Universal Spatial Join - Complete Implementation
Source:R/06-spatial-join.R
universal_spatial_join.RdComprehensive spatial join system that handles ALL spatial data combinations: Vector to Vector, Vector to Raster, Raster to Raster with full documentation, error handling, and extensive examples. This replaces all previous spatial join functions with a unified, robust system.
Usage
universal_spatial_join(
source_data,
target_data,
method = "auto",
scale_factor = NULL,
summary_function = "mean",
buffer_distance = NULL,
temporal_tolerance = NULL,
crs_target = NULL,
na_strategy = "remove",
chunk_size = 1e+06,
parallel = FALSE,
verbose = FALSE
)Arguments
- source_data
Source spatial data. Can be:
File path: "/path/to/data.tif" or "/path/to/data.shp"

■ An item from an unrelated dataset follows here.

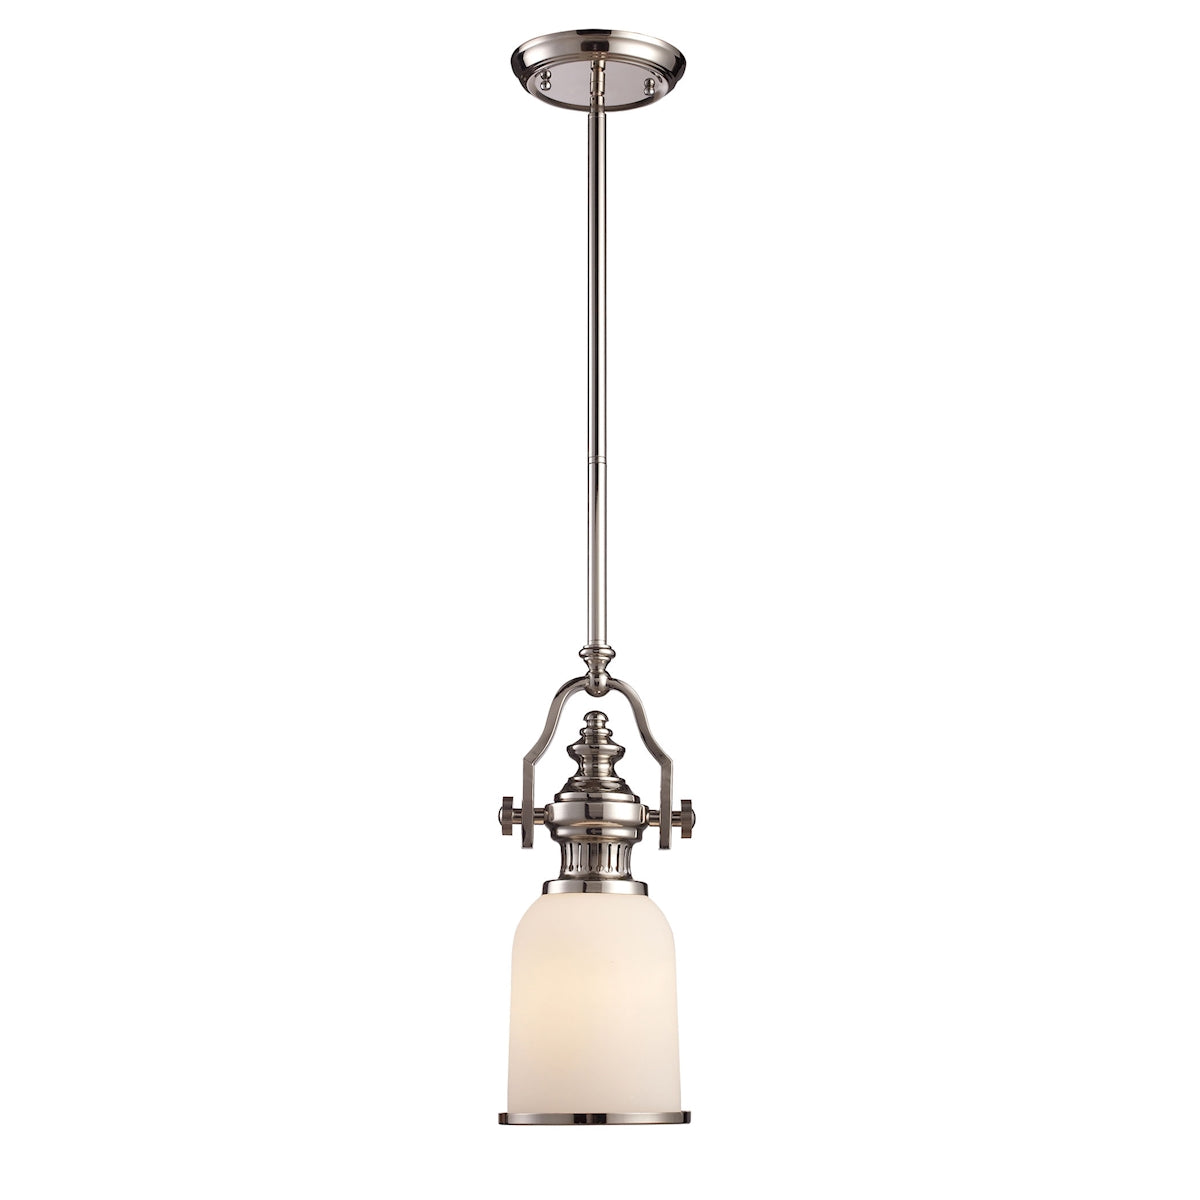 ELK Lighting 66112-1 Chadwick 1-Light Mini Pendant in Polished Nickel with White Glass

Directory: "/path/to/spatial_files/" (processes all spatial files)
R object: SpatRaster, sf object, data.frame with coordinates
List: Multiple files, raster stack, or sf objects
- target_data
Target spatial data (same format options as source_data). Can be NULL for scaling operations with scale_factor.
- method
Spatial join method:
"auto": Automatically detect best method (default)
"extract": Extract raster values to vector features
"overlay": Spatial intersection/overlay of vectors
"resample": Resample raster to match target geometry
"zonal": Calculate zonal statistics (raster → vector)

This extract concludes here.